=== Records to use ===
* * * * * * * * *

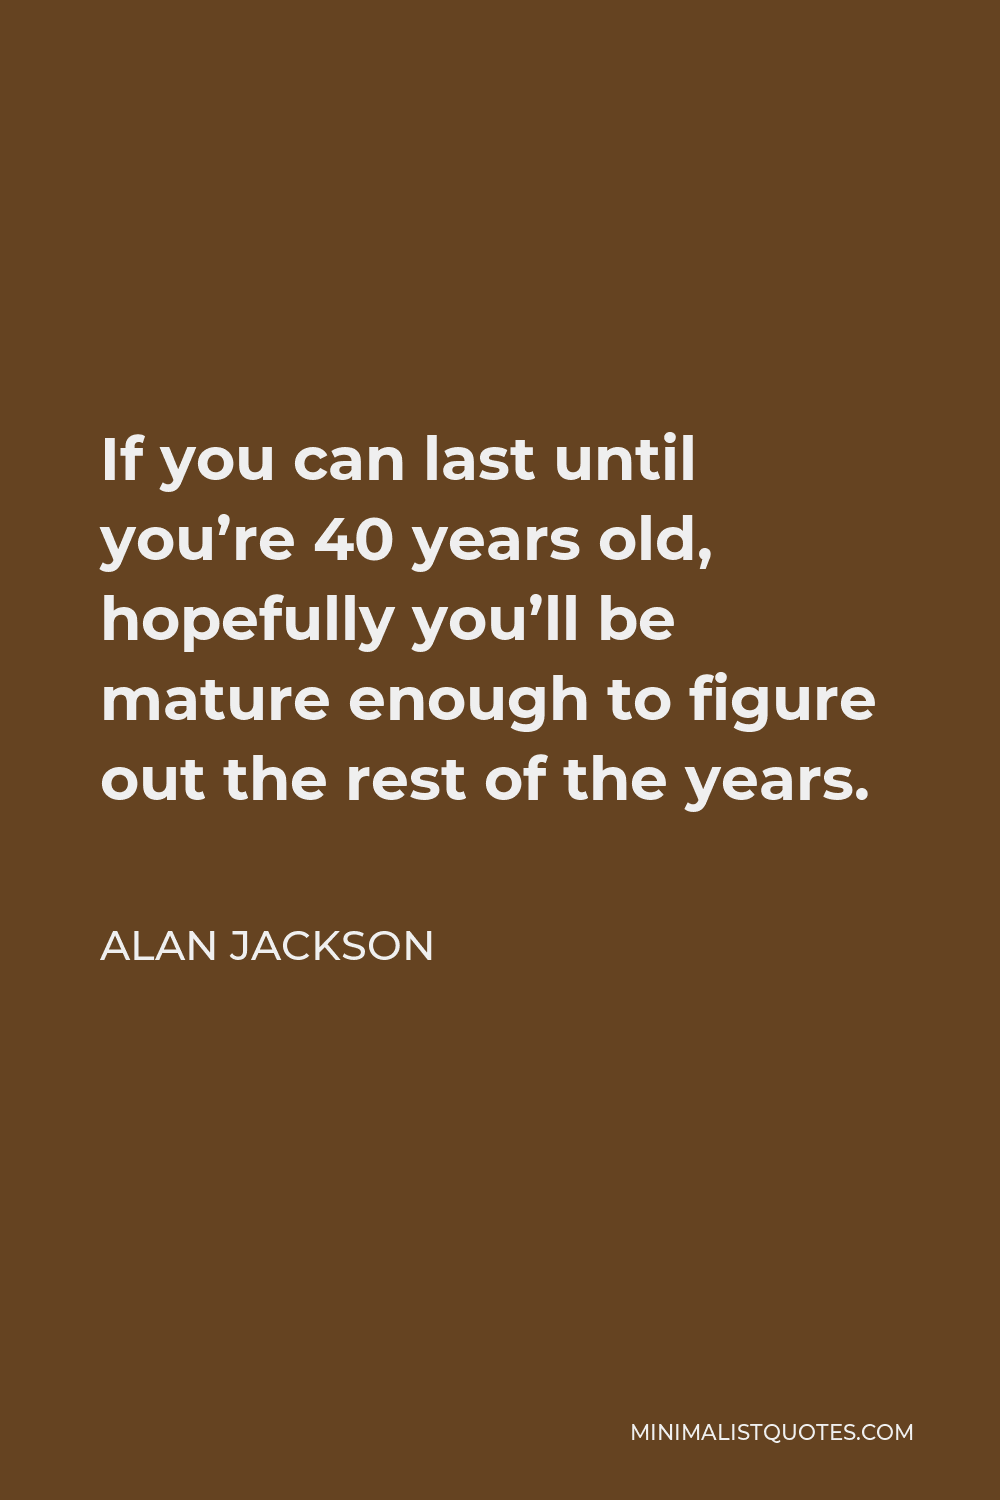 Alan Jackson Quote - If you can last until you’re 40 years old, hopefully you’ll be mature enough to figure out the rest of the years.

* * * * * * * * *

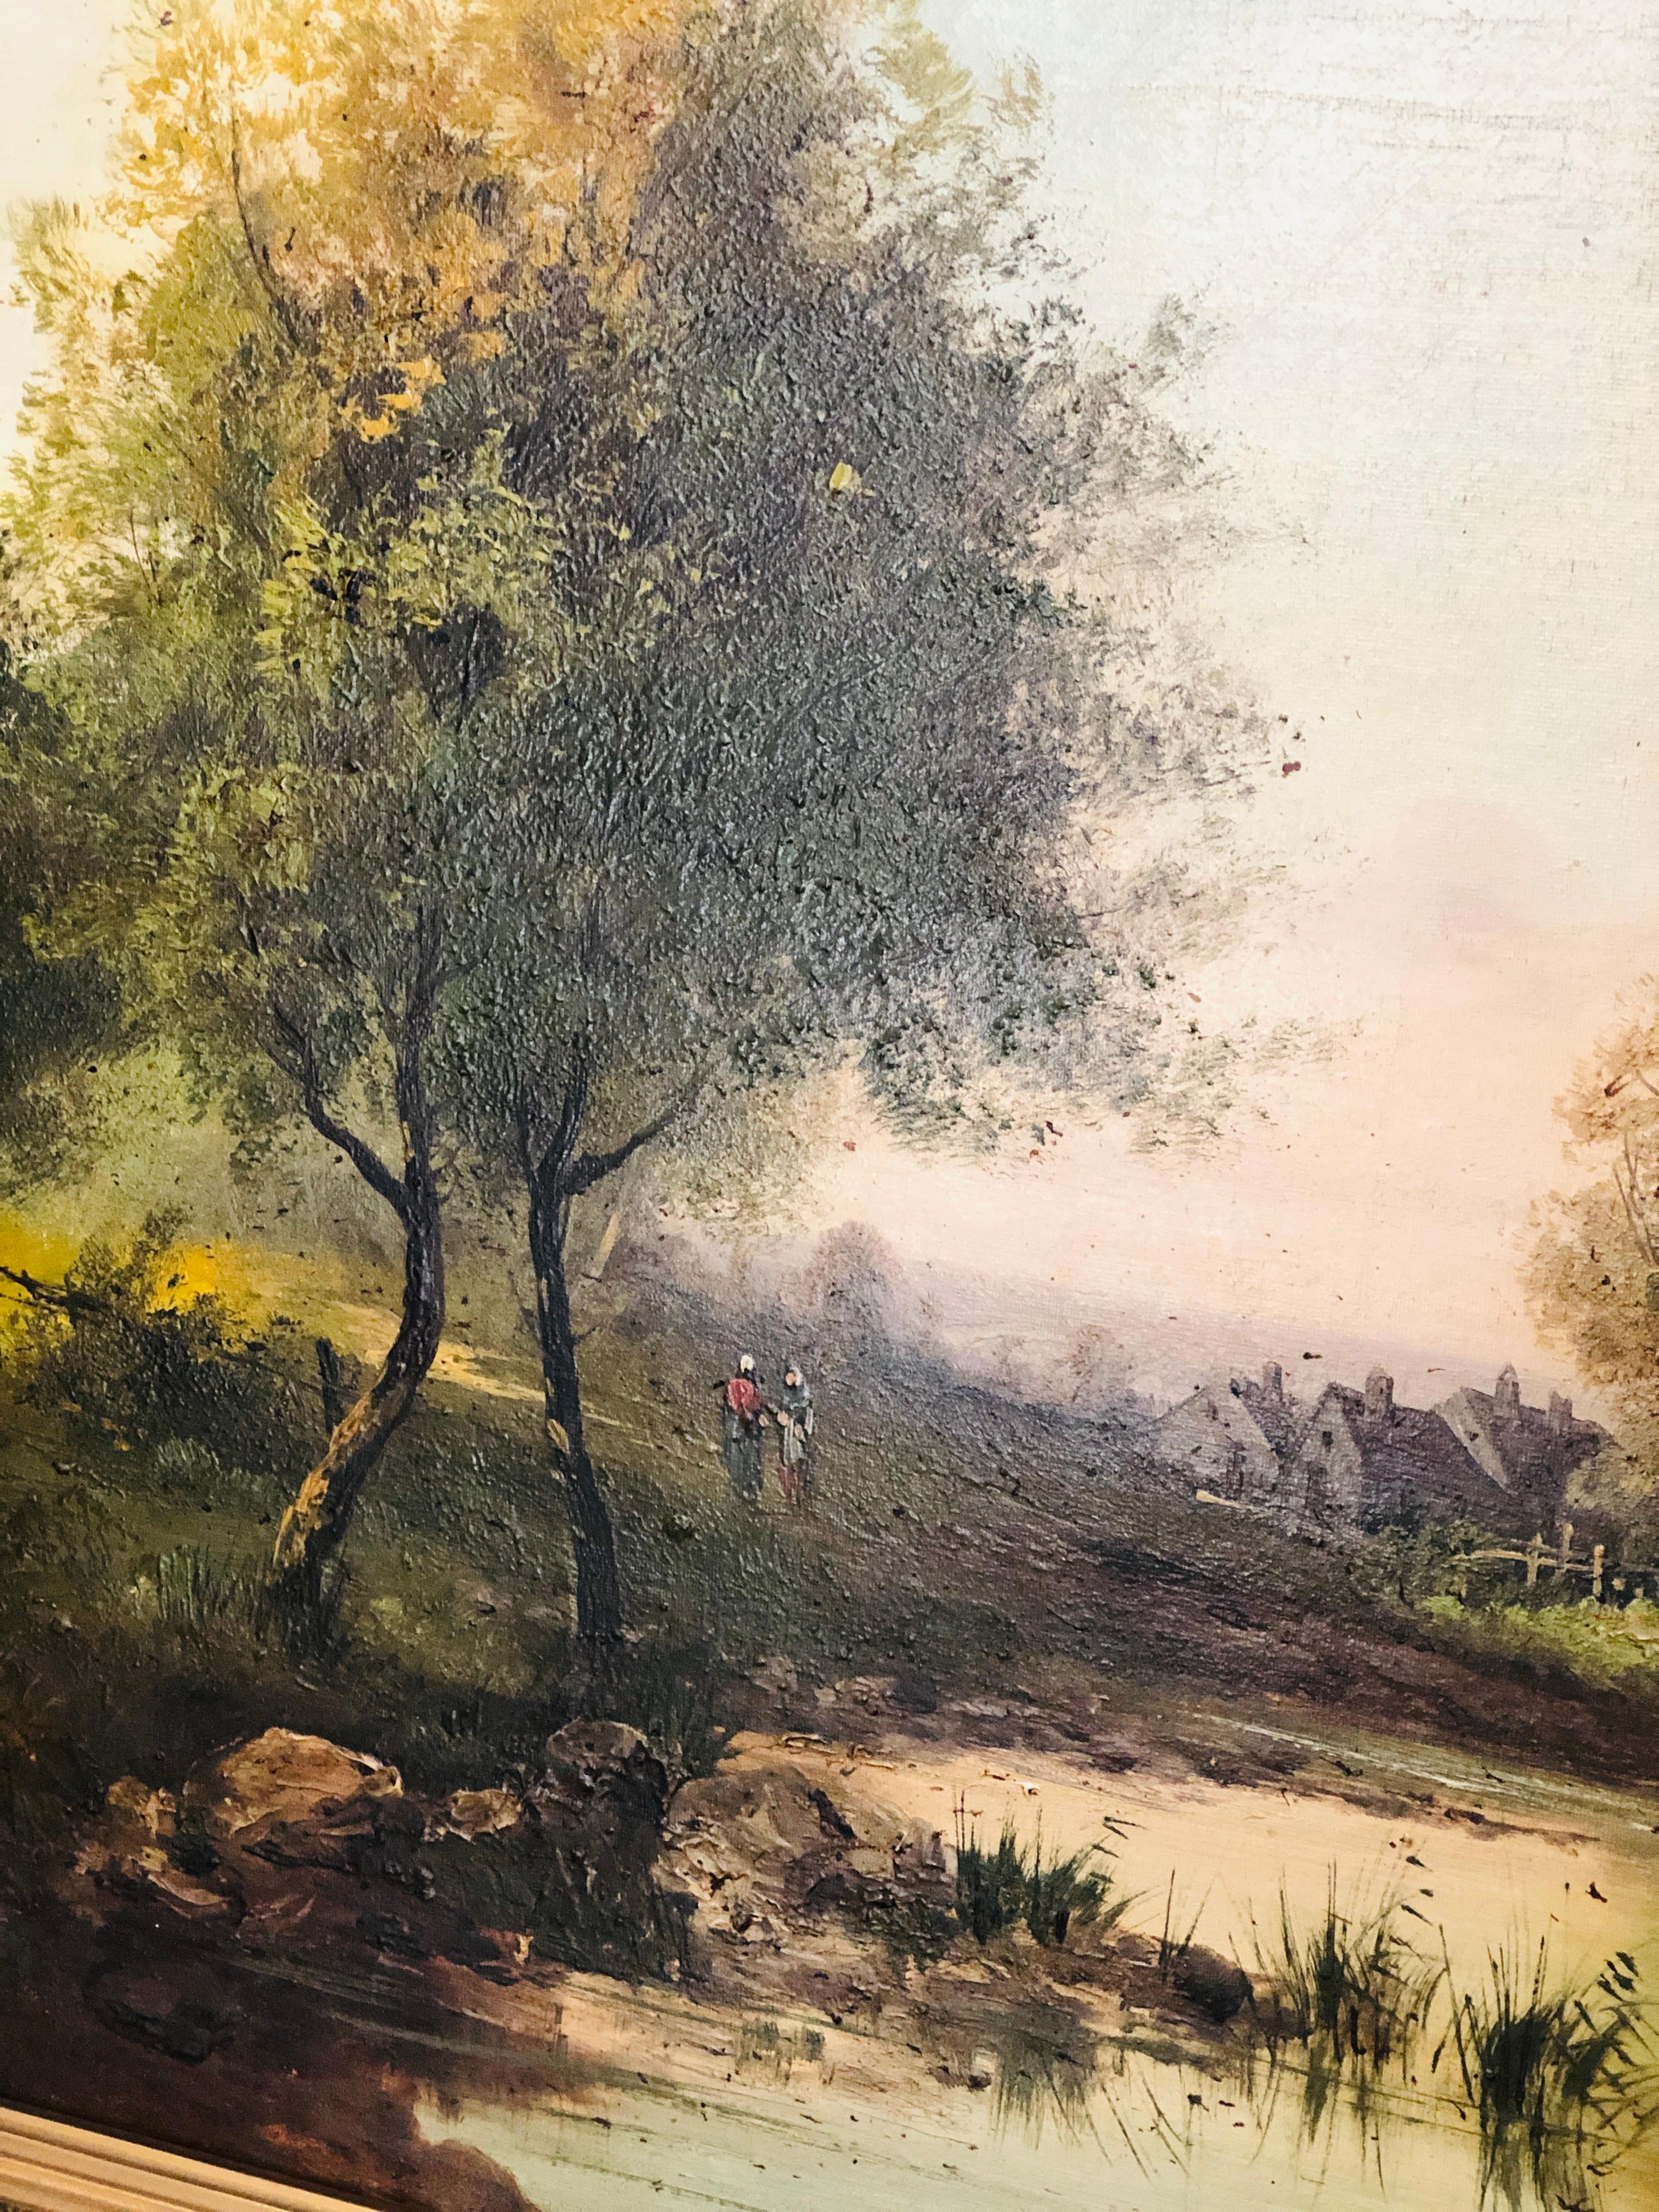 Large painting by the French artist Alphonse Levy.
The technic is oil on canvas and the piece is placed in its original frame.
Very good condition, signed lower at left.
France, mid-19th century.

* * * * * * * * *

=== Goal of the exercise ===
Take the lines above starting at the one containing "Large painting by" and ending at the one containing "France, mid-19th century.", and print them again exactly, without pictures.

=== Solution to this exercise ===
 Large painting by the French artist Alphonse Levy.
The technic is oil on canvas and the piece is placed in its original frame.
Very good condition, signed lower at left.
France, mid-19th century.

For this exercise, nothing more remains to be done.